Денис Яковлев (г. Санкт-Петербург)
Память, которая не исчезнет никогда
На Новый год мы всегда уезжали из города, даже если не собирались. Как-то вдруг. Oтец говорил: «Всё. Больше не могу. Поехали?» И мы ехали на дачу. Два часа электричкой, час пешком по узкой глинистой дороге — впереди отец, потом старший брат, потом я — и вот она, дача — маленький домик, калина у крыльца. Впрочем, иногда до этого домика приходилось докапываться, дотаптываться, разгребать снег...
В этом году снега не было. Лил дождь. И всю дорогу до электрички, и всю дорогу от электрички, и когда возились с замком, и когда таскали дрова для печки... Дождь, дождь, дождь... Вот тебе и Новый год, зимние каникулы... Зато мы на даче. Вот она, дачная дорога — мимо пустых домиков, одинокого пруда — в лес. Там, на сосне, было совиное гнездо, и на самой высокой ветке как-то осенью сидели два совёнка. Заросшие колеи в лесу — это от немецких танков. Раньше, во время войны, на месте дачных домиков у немцев была мастерская, поэтому и растёт всё плохо, вся земля до сих пор пропитана маслом и соляркой. За лесом — большая дорога, за дорогой — поля, широченные, сколько глаз хватает, и дорога вся через них видна. Раньше их засевали, теперь они пусты, голы. Весной молодая трава волнуется на них, как море. Летом гудят пчёлы, стрекочут кузнечики, вспархивают из-под ног какие-то пичужки.
Давным-давно здесь устраивали ярмарку, съезжались крестьяне с окрестных деревень, которых теперь уж нет. Один раз я нашёл на поле старинную монету с буквой «П» и цифрой «I» — времён Павла Первого. За полями речка. Мелкая, извилистая, так что не поймешь сразу, куда она течёт.
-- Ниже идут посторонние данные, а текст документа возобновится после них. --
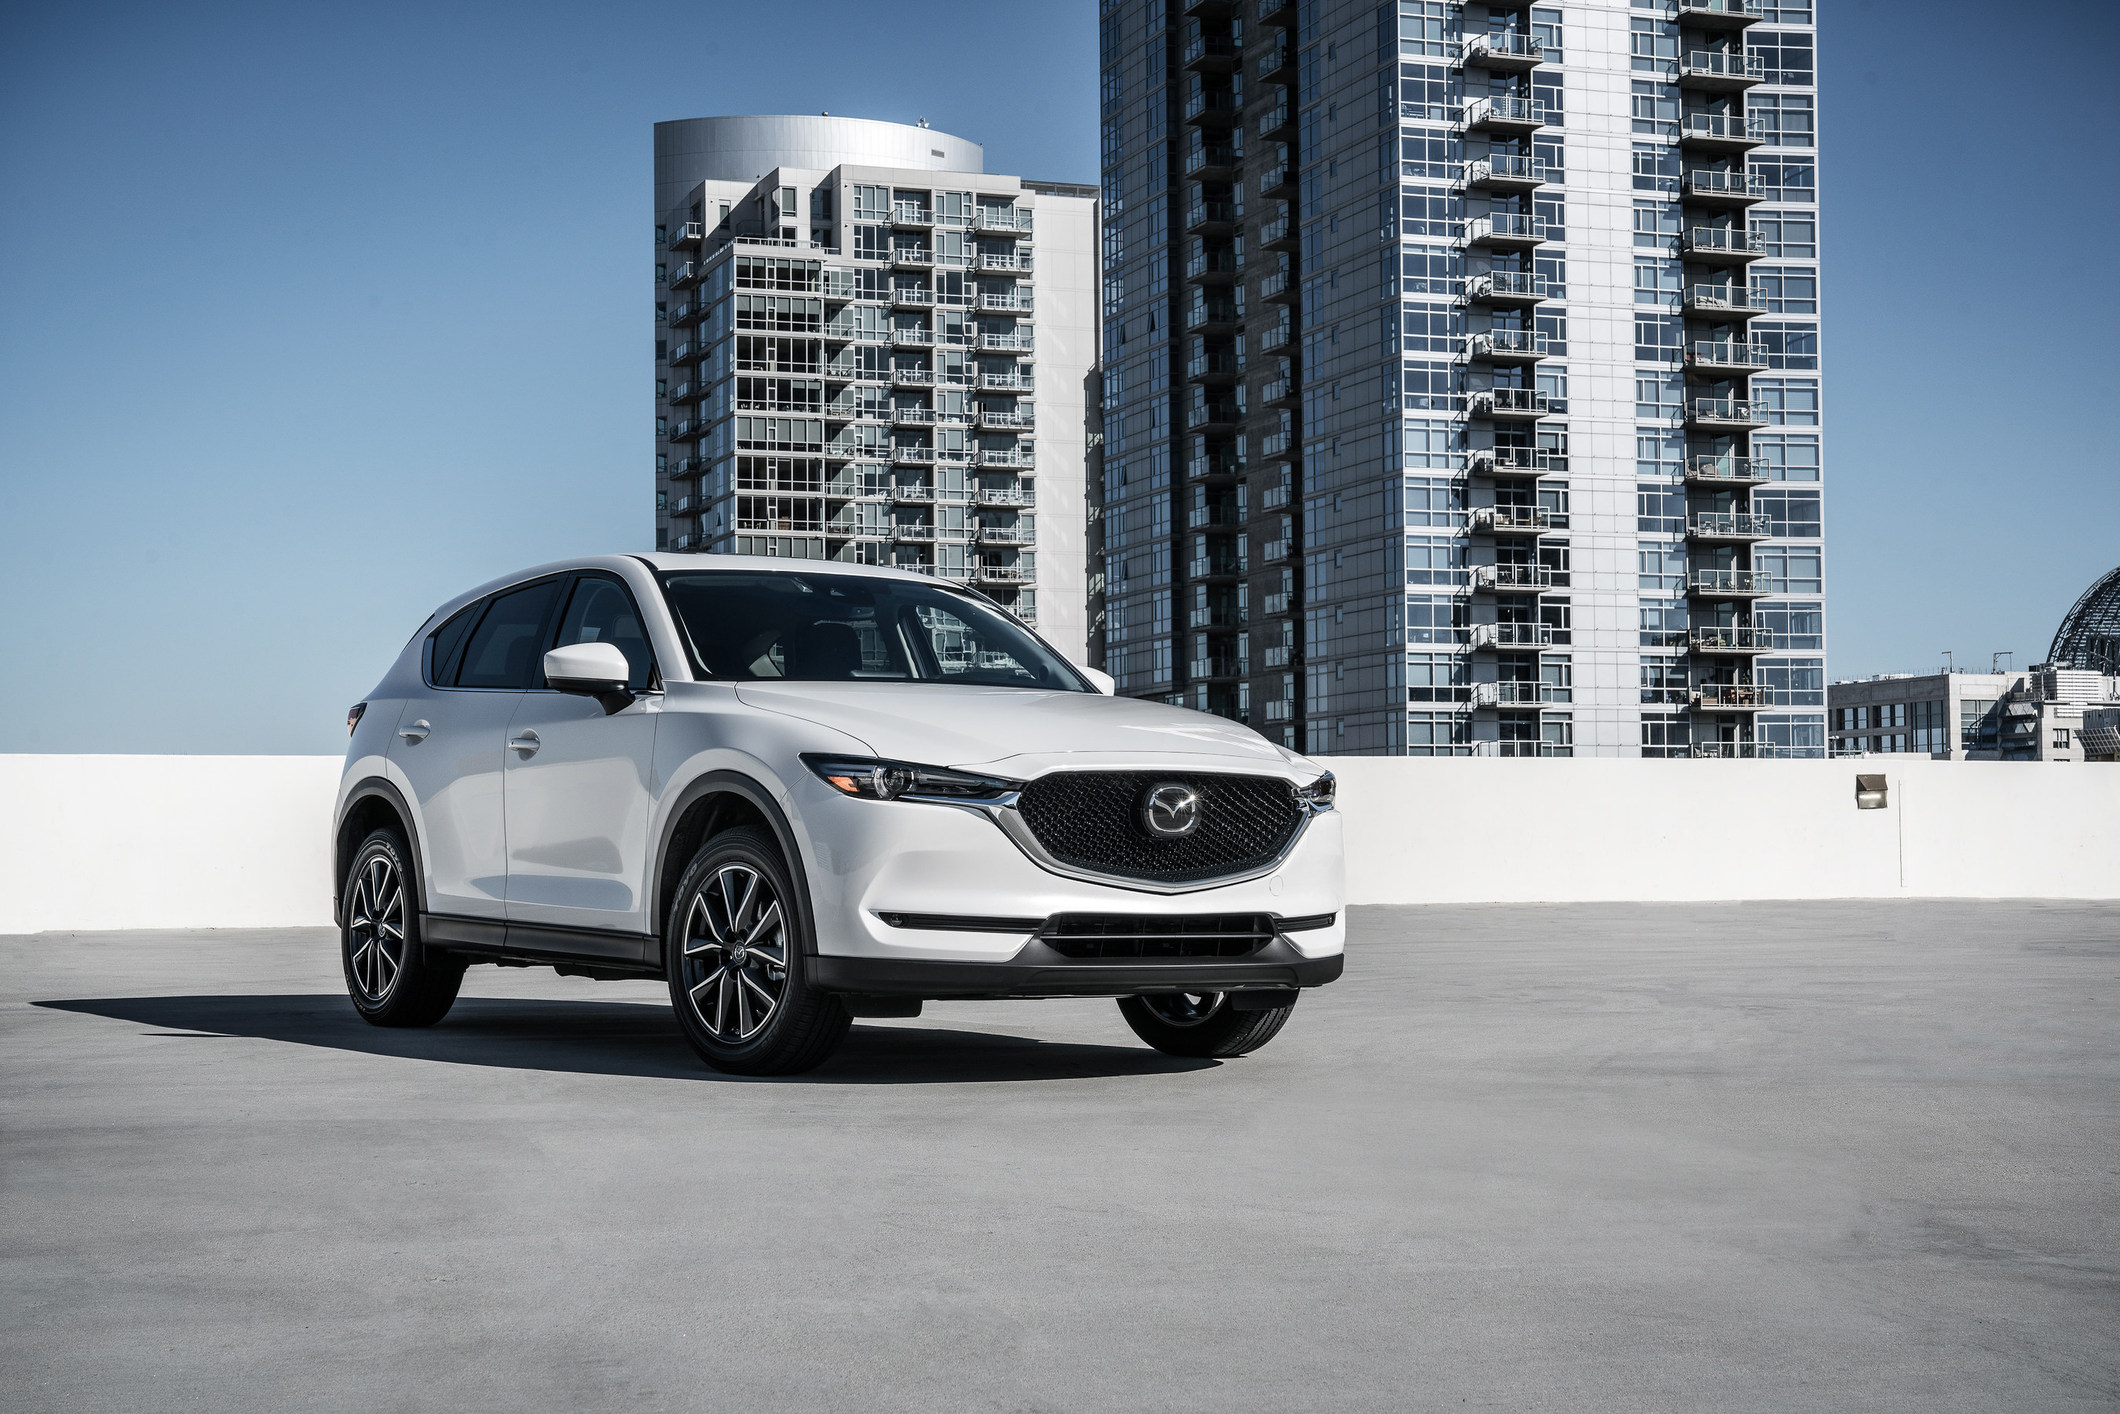 2017 Mazda CX5 Priced from MSRP of 24,045
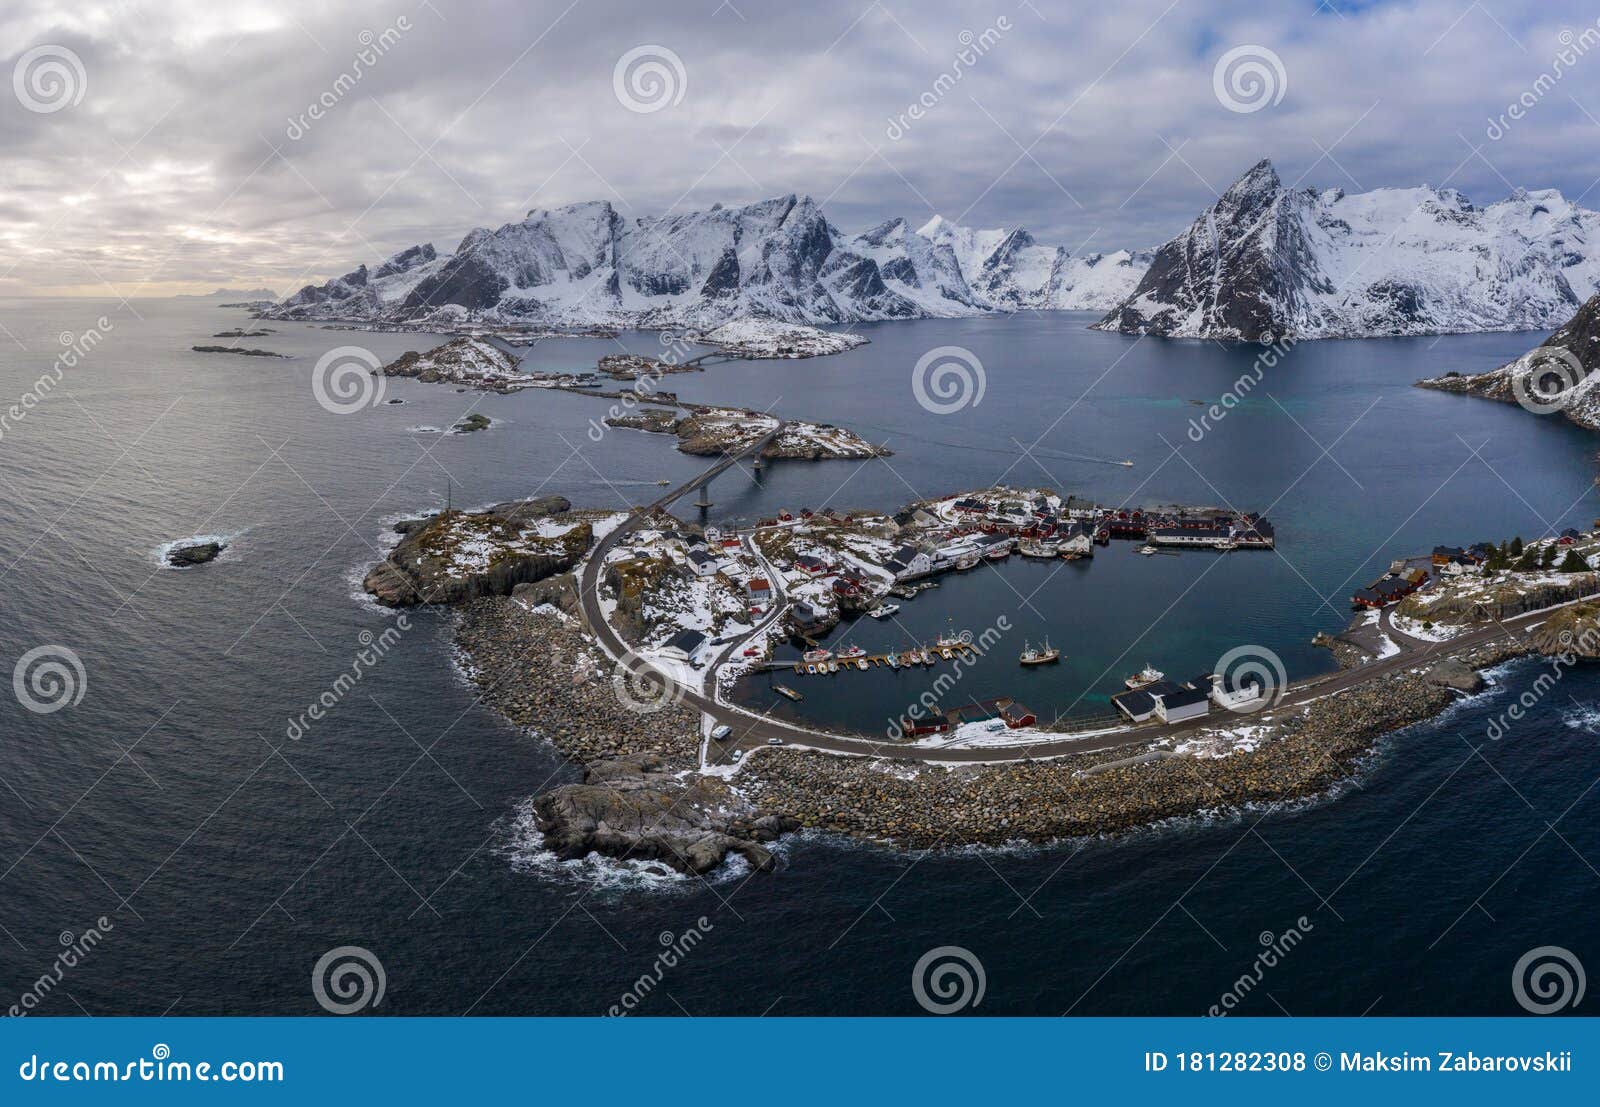 hamnoy village and mountains in winter. norwegian sea and stormy sky. moskenes, lofoten islands, norway. aerial view

Но я-то это точно знаю. Однажды её всю на плоту проплыл. Ну, почти всю, до бобровой плотины. Дальше не поплыл. Зачем бобров пугать? Они и так по речке кочуют, от людей подальше. К тому же там, за плотиной, река становится совсем мелкой. Дно там каменистое, ровное, будто мостовая. Камни берега — плоские, уступами, и черёмуха над ними — как своды античного храма. Раньше, во время войны, здесь немецкая каменоломня была. По плоским плитам под черёмуховыми сводами и сегодня можно до родника дойти. Он из-под берега бьёт, среди камней. Дальше — заводи, там щука водится. А после ещё один родник, минеральный. Вода там солёная и как будто газированная. Немцы это место тоже использовали: воду брали, даже хотели санаторий свой здесь построить, но не успели... Ну, а дальше, после родников, эта речка в другую впадает, в Тигоду. Тут уж деревня, старое кладбище, поклонный крест на месте разрушенной церкви, подвесной мост. По Тигоде в Волхов можно приплыть...
Голос брата:
— Ты чего задумался? Пойдём, пройдёмся.
— Дождь же!
— Ну, какой это дождь, так — моросейка.
— Пап, мы ненадолго!
В лесу с мокрых деревьев противно капает за воротник. Ноги разъезжаются на скользкой глине. Удивляюсь: как тихо! Только где-то очень далеко — надрывающийся звук мотора. И какой простор! В полях вся трава полегла. Обнажились немецкие доты. Их каменные спины покрыты мхом, пропитанным водой. Из них несёт сыростью и гнилью.Залезли в дот, смотрим через амбразуру:
— Во-он тот, около деревни, — негромко говорит брат, — обстреливал дорогу. Из него она вся как на ладони. А вот из этого, видишь, вся переправа видна, даже лес на той стороне. А там — дот прикрытия. А ещё видишь яму с водой? Так это землянка бывшая, командный пункт. И вдруг, замахав руками, закричал:
— Стой, идиот, куда едешь!
— Это ты мне?
— Нет! Не видишь — «Нива» в «командный пункт» въехала... Пошли, поможем.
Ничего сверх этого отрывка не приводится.